© 2005 by the American Diabetes Association, Inc.
Implementation and Evaluation of a Low-Literacy Diabetes Education Computer Multimedia Application
1 Department of Medicine, University of Illinois at Chicago, Chicago, Illinois Address correspondence and reprint requests to Ben Gerber, MD, Department of Medicine (M/C 718), University of Illinois, 840 South Wood St., Chicago, IL 60612. E-mail: bgerber{at}uic.edu
OBJECTIVETo evaluate a clinic-based multimedia intervention for diabetes education targeting individuals with low health literacy levels in a diverse population. RESEARCH DESIGN AND METHODSFive public clinics in Chicago, Illinois, participated in the study with computer kiosks installed in waiting room areas. Two hundred forty-four subjects with diabetes were randomized to receive either supplemental computer multimedia use (intervention) or standard of care only (control). The intervention includes audio/video sequences to communicate information, provide psychological support, and promote diabetes self-management skills without extensive text or complex navigation.

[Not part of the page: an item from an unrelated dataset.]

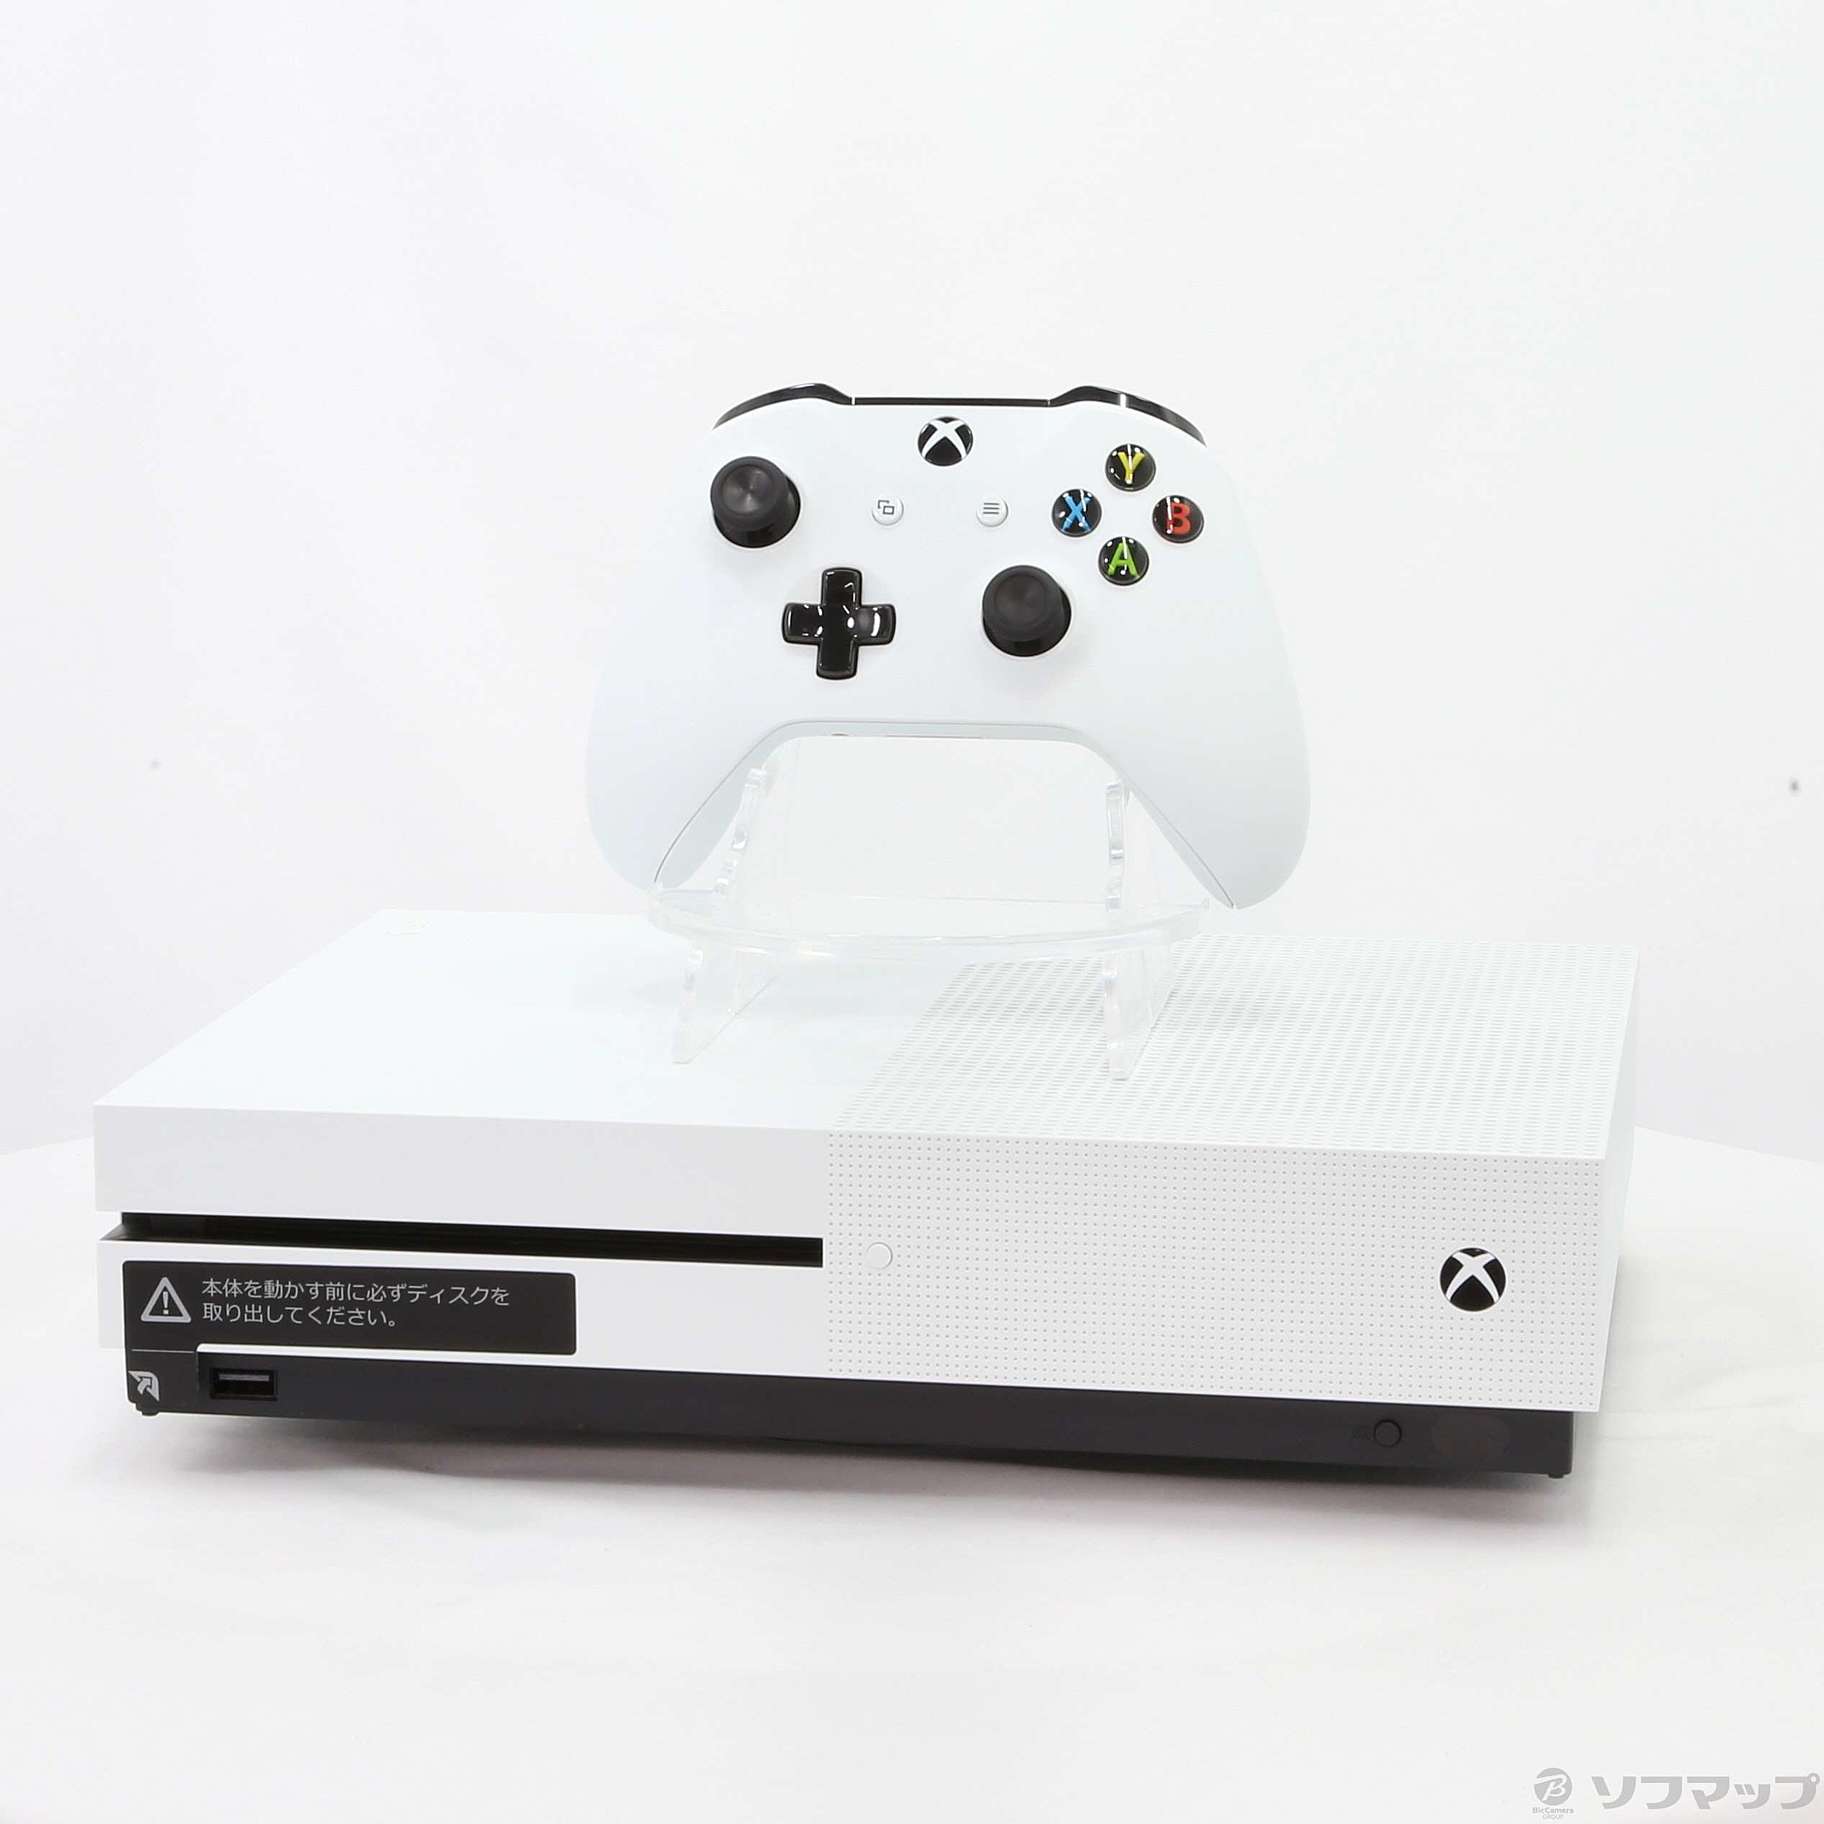 ウォーザード Xbox One S本体とコントローラー 家庭用ゲーム本体

HbA1c (A1C), BMI, blood pressure, diabetes knowledge, self-efficacy, self-reported medical care, and perceived susceptibility of complications were evaluated at baseline and 1 year. Computer usage patterns and implementation barriers were also examined. RESULTSComplete 1-year data were available for 183 subjects (75%). Overall, there were no significant differences in change in A1C, weight, blood pressure, knowledge, self-efficacy, or self-reported medical care between intervention and control groups. However, there was an increase in perceived susceptibility to diabetes complications in the intervention group. This effect was greatest among subjects with lower health literacy. Within the intervention group, time spent on the computer was greater for subjects with higher health literacy. CONCLUSIONSAccess to multimedia lessons resulted in an increase in perceived susceptibility to diabetes complications, particularly in subjects with lower health literacy. Despite measures to improve informational access for individuals with lower health literacy, there was relatively less use of the computer among these participants.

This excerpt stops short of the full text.